Local with the Most Shifts:

  • Local 2428 East Bay Regional Parks with 83 shifts, which equals 16.7% of their total membership

Other Locals with impressive numbers of shifts:

  • Local 2700 (Contra Costa County) with 71 shifts (equals 5.6% of the total membership)
  • AFSCME Local 829 with 52 shifts (equals 2% of membership). The Belmont chapter did 21 shifts alone.
  • Local 101 (San Jose Area) with 44 shifts (equals 1.4% of membership)
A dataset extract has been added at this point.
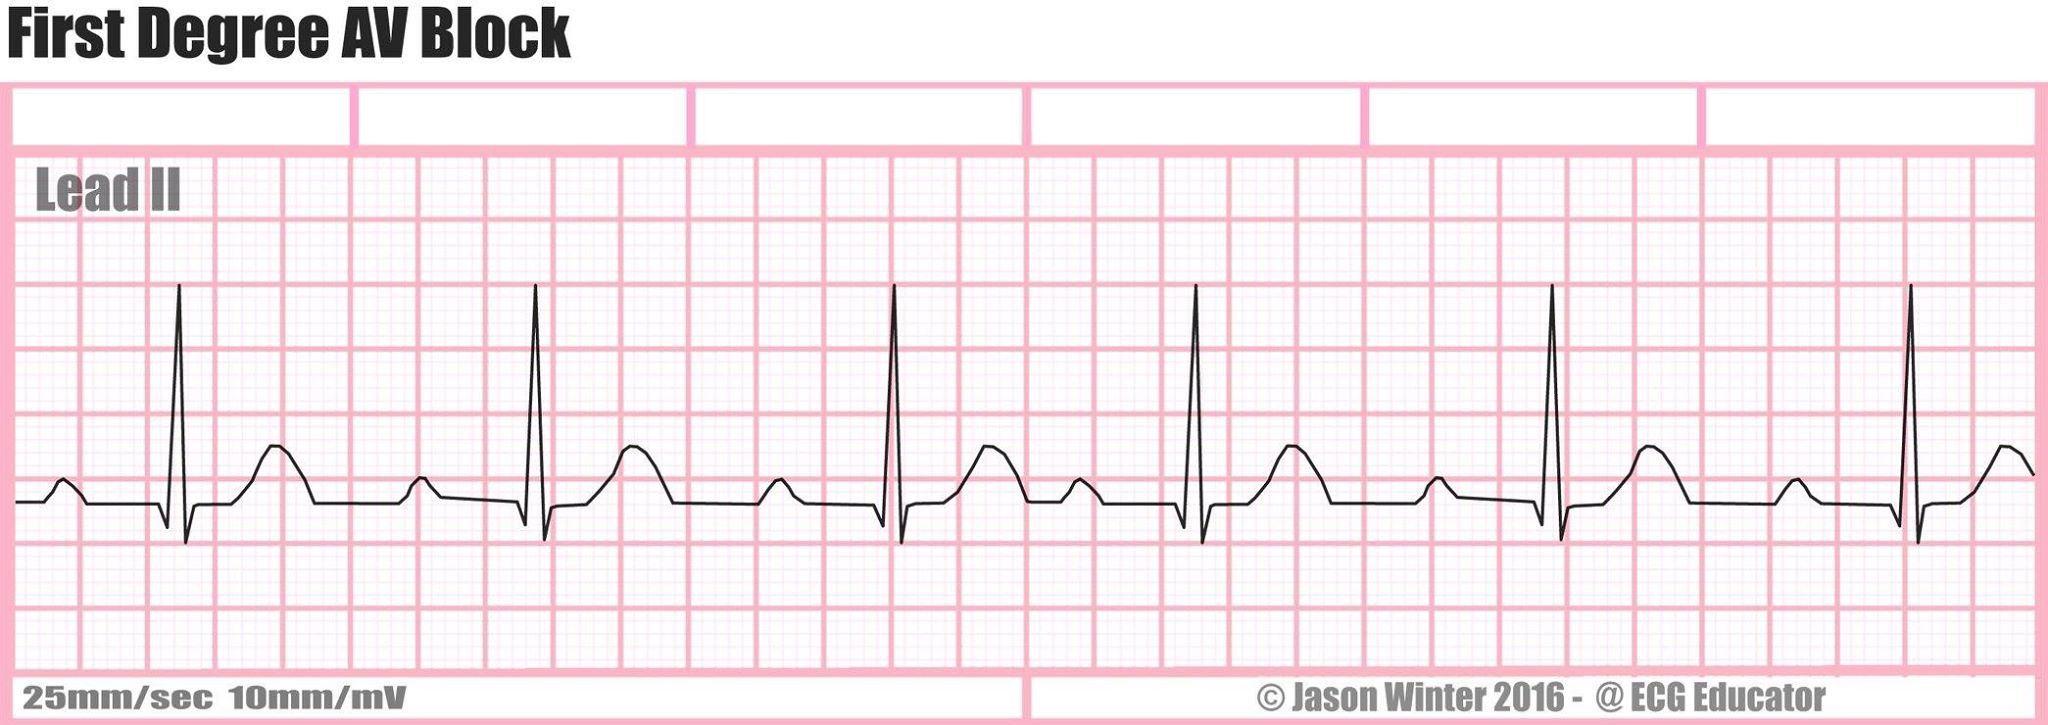 Pin by Jason Winter (ECG Educator). on Six second ECG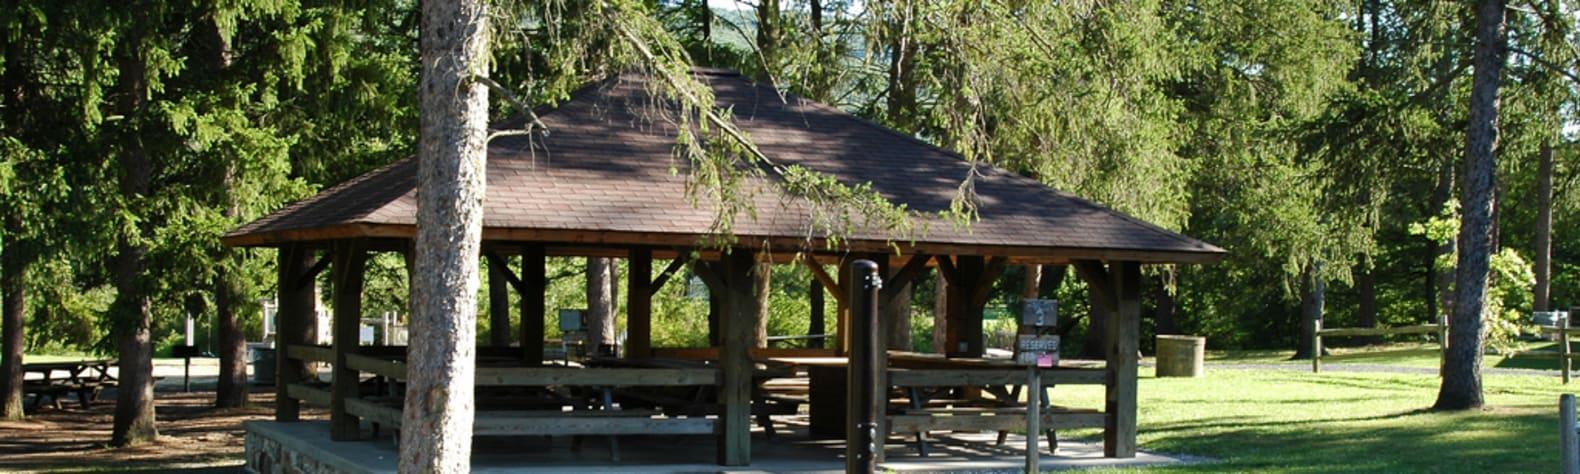 Greenwood Furnace State Park

Small Locals that delivered big:

  • Local 512 (Contra Costa County) with 12 shifts mobilized 3.5% of membership
  • Local 1587 (Santa Clara Probation) with 19 shifts mobilized 3.7% of membership
  • Local 146 (Sacramento County) with 17 shifts mobilized 2.6% of the membership

Local with the highest percentage of members participating:

  • Local 2428 with 4.4% of members volunteering at least 1 shift

Two other Locals met or exceeded the California Labor Federation goal of at least 1.5% of members volunteering:

  • Local 1587 (Santa Clara Probation) had 3.7% of members do one shift
  • Local 258 (Elk Grove Unified School District) met the 1.5% goal

Special appreciation to Council 57 staff, who collectively put in 112 shifts (139 counting double credit shifts).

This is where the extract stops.